DATASET SECTION
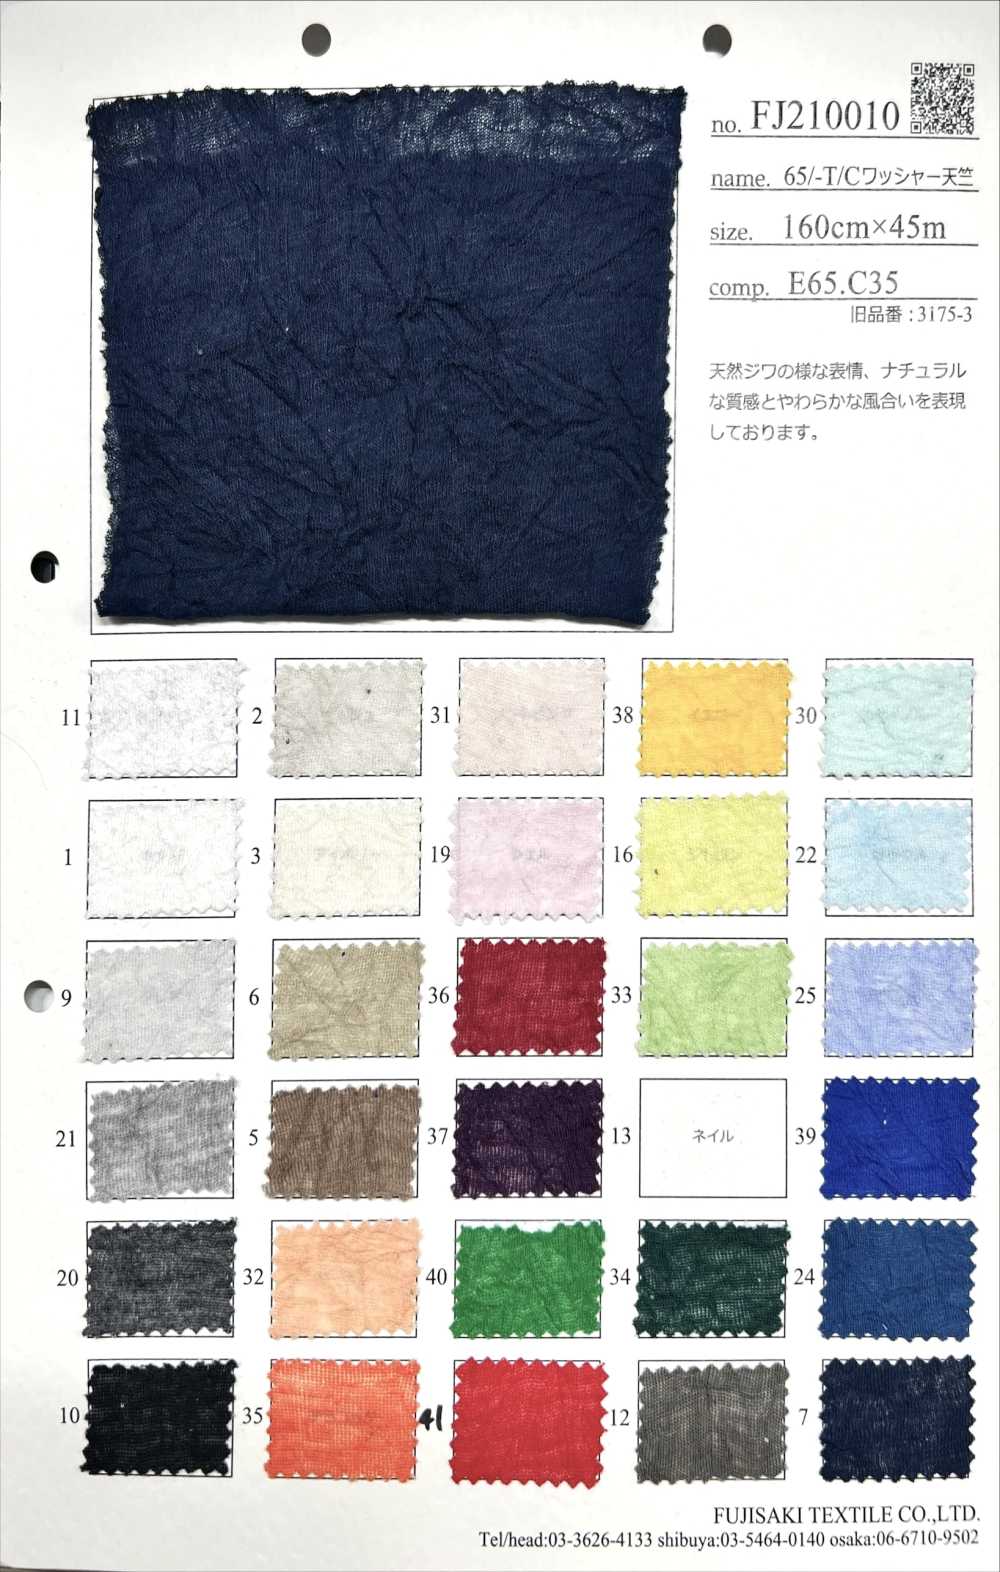 FJ210010 65/-T/C水洗加工豚平針織物[面料] Fujisaki Textile
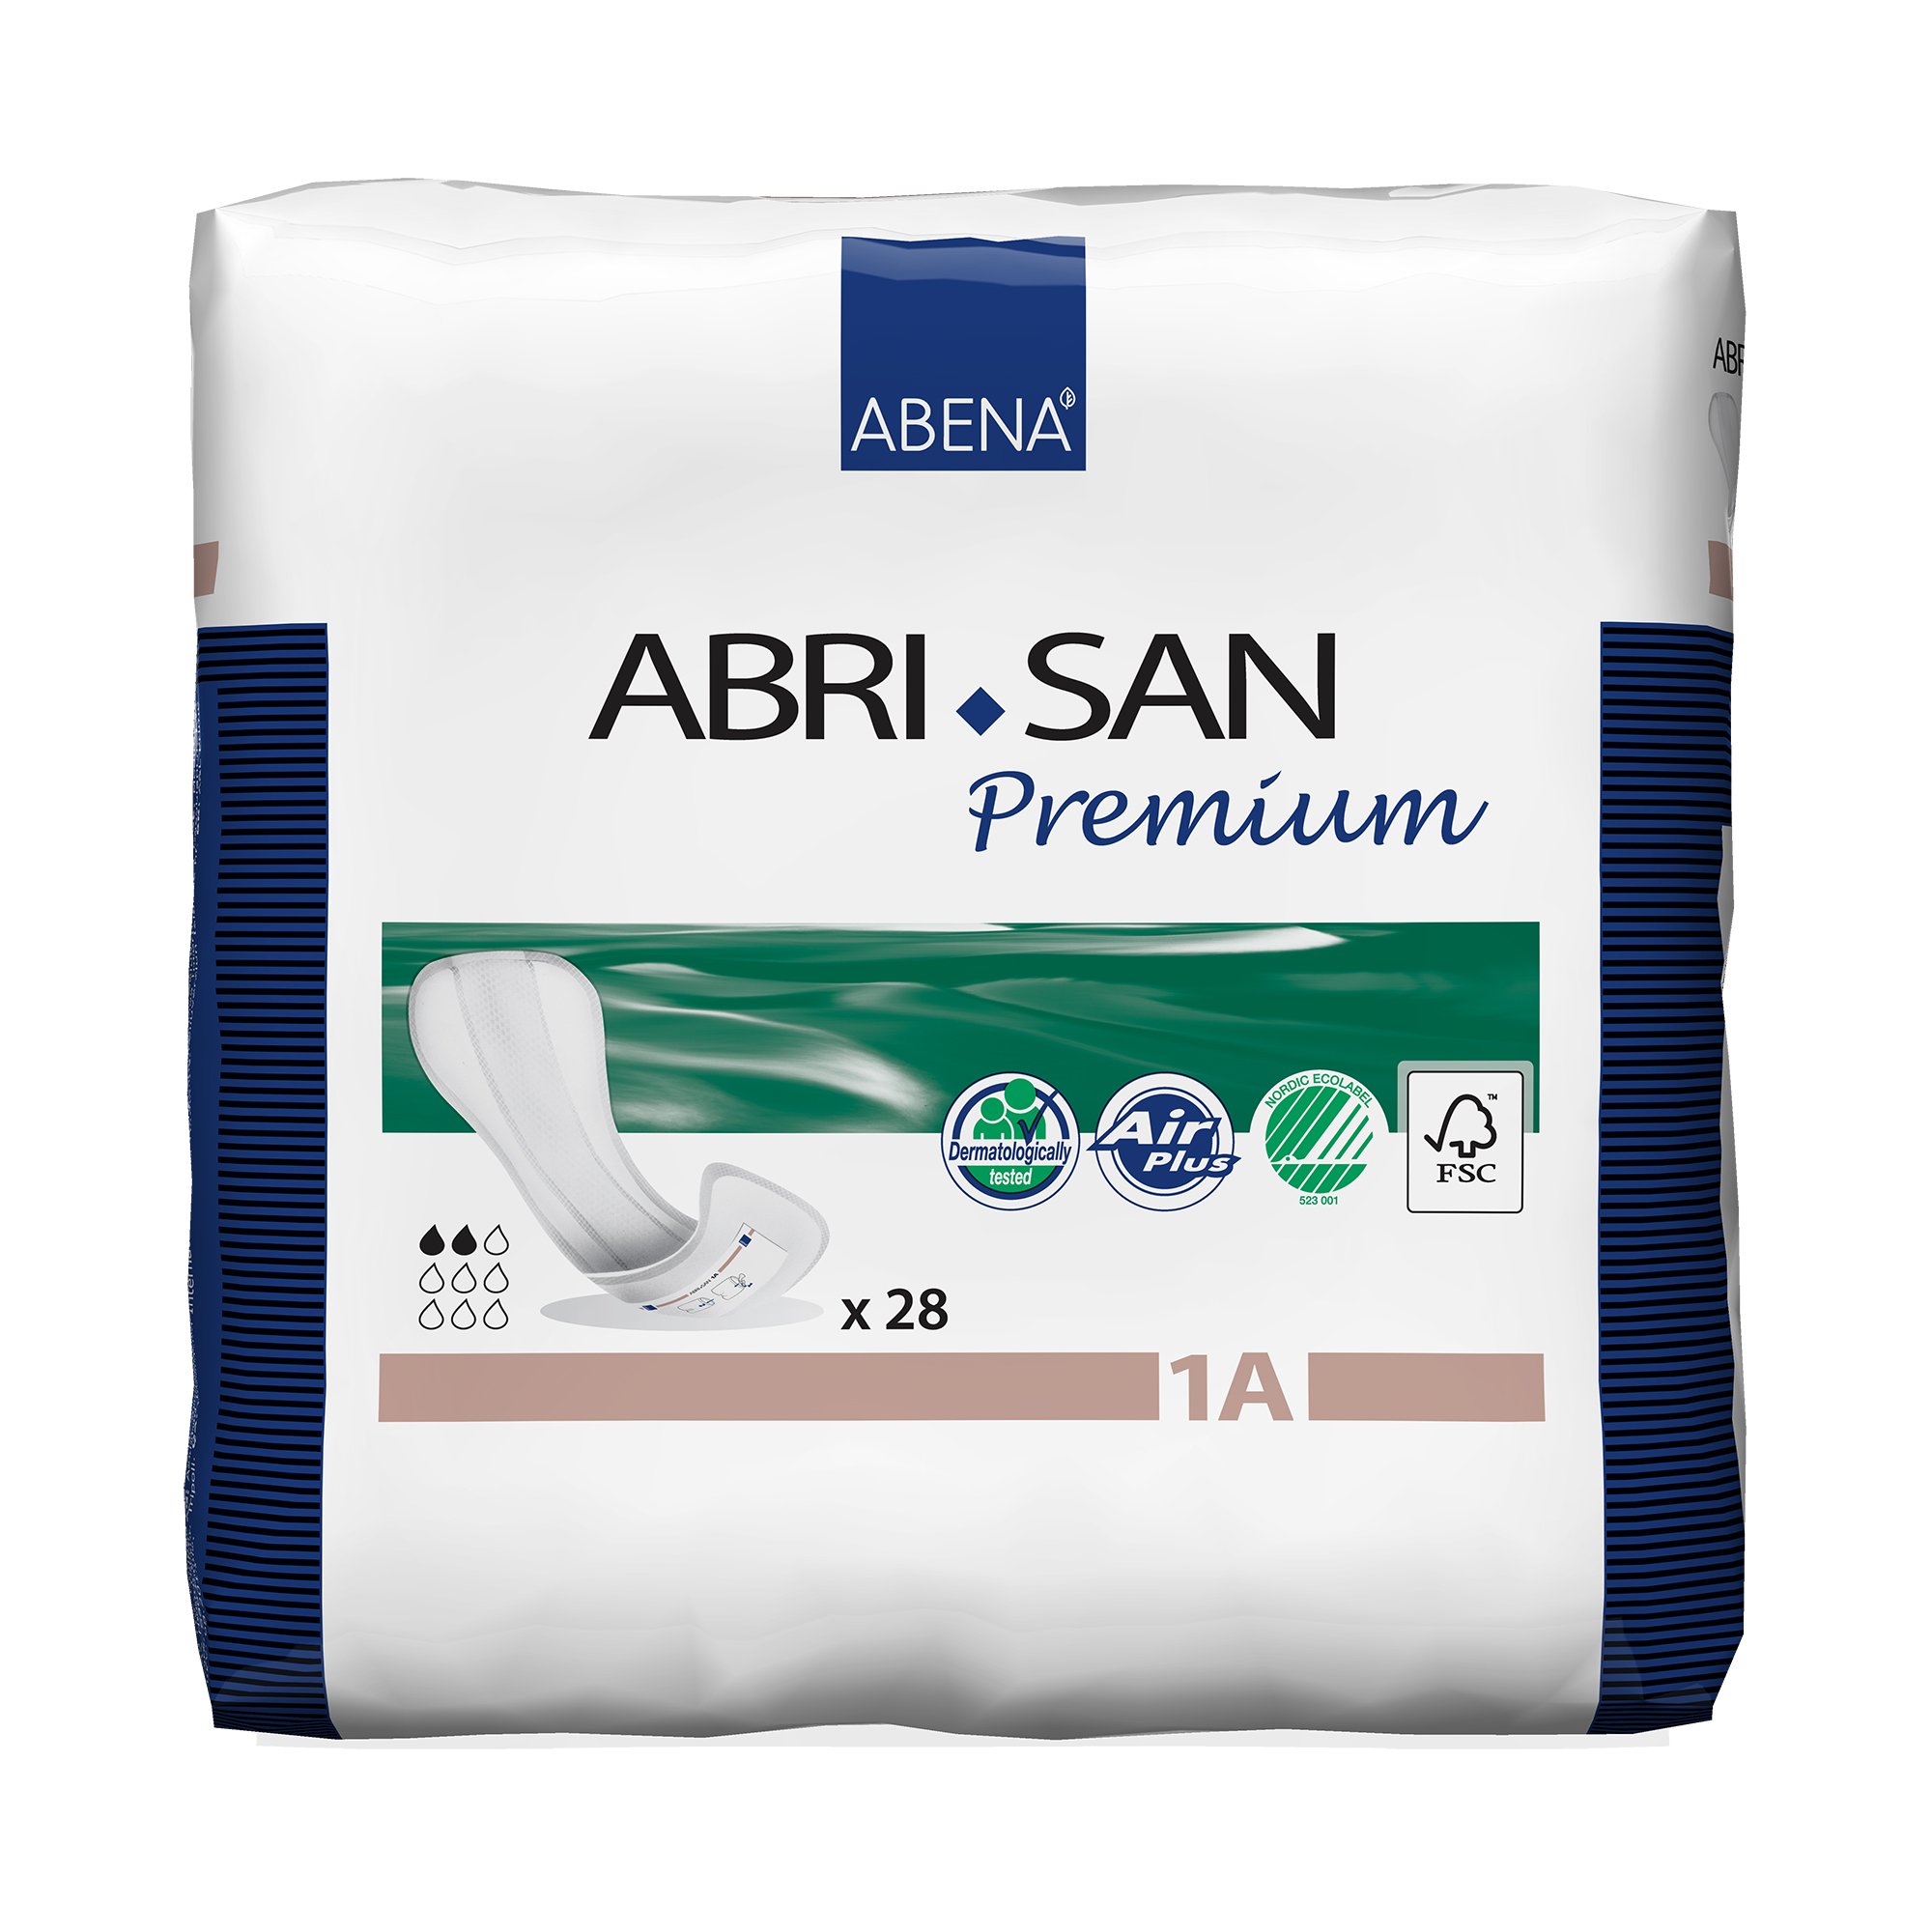 Abri-San Premium 1A Bladder Control Pad, 11-Inch Length
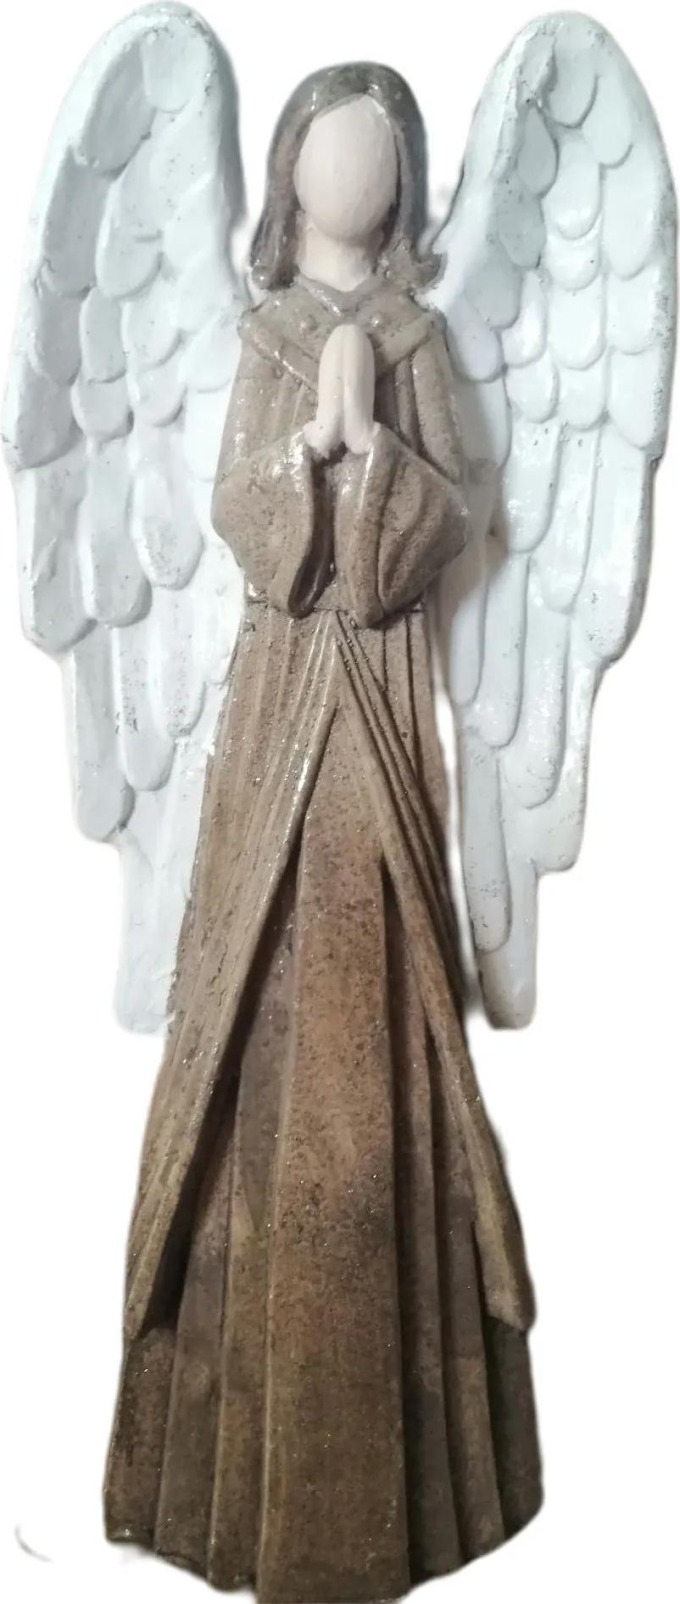 Kovový andělský sochařský kousek s patinou, výška 56 cm

WHAT IS BEING ASKED
From the line containing "Abri-San Premium 1A" to the end of the listing, restate each line word for word and nothing more; the pictures stay out.

EXERCISE RESPONSE
 Abri-San Premium 1A Bladder Control Pad, 11-Inch Length
 Kovový andělský sochařský kousek s patinou, výška 56 cm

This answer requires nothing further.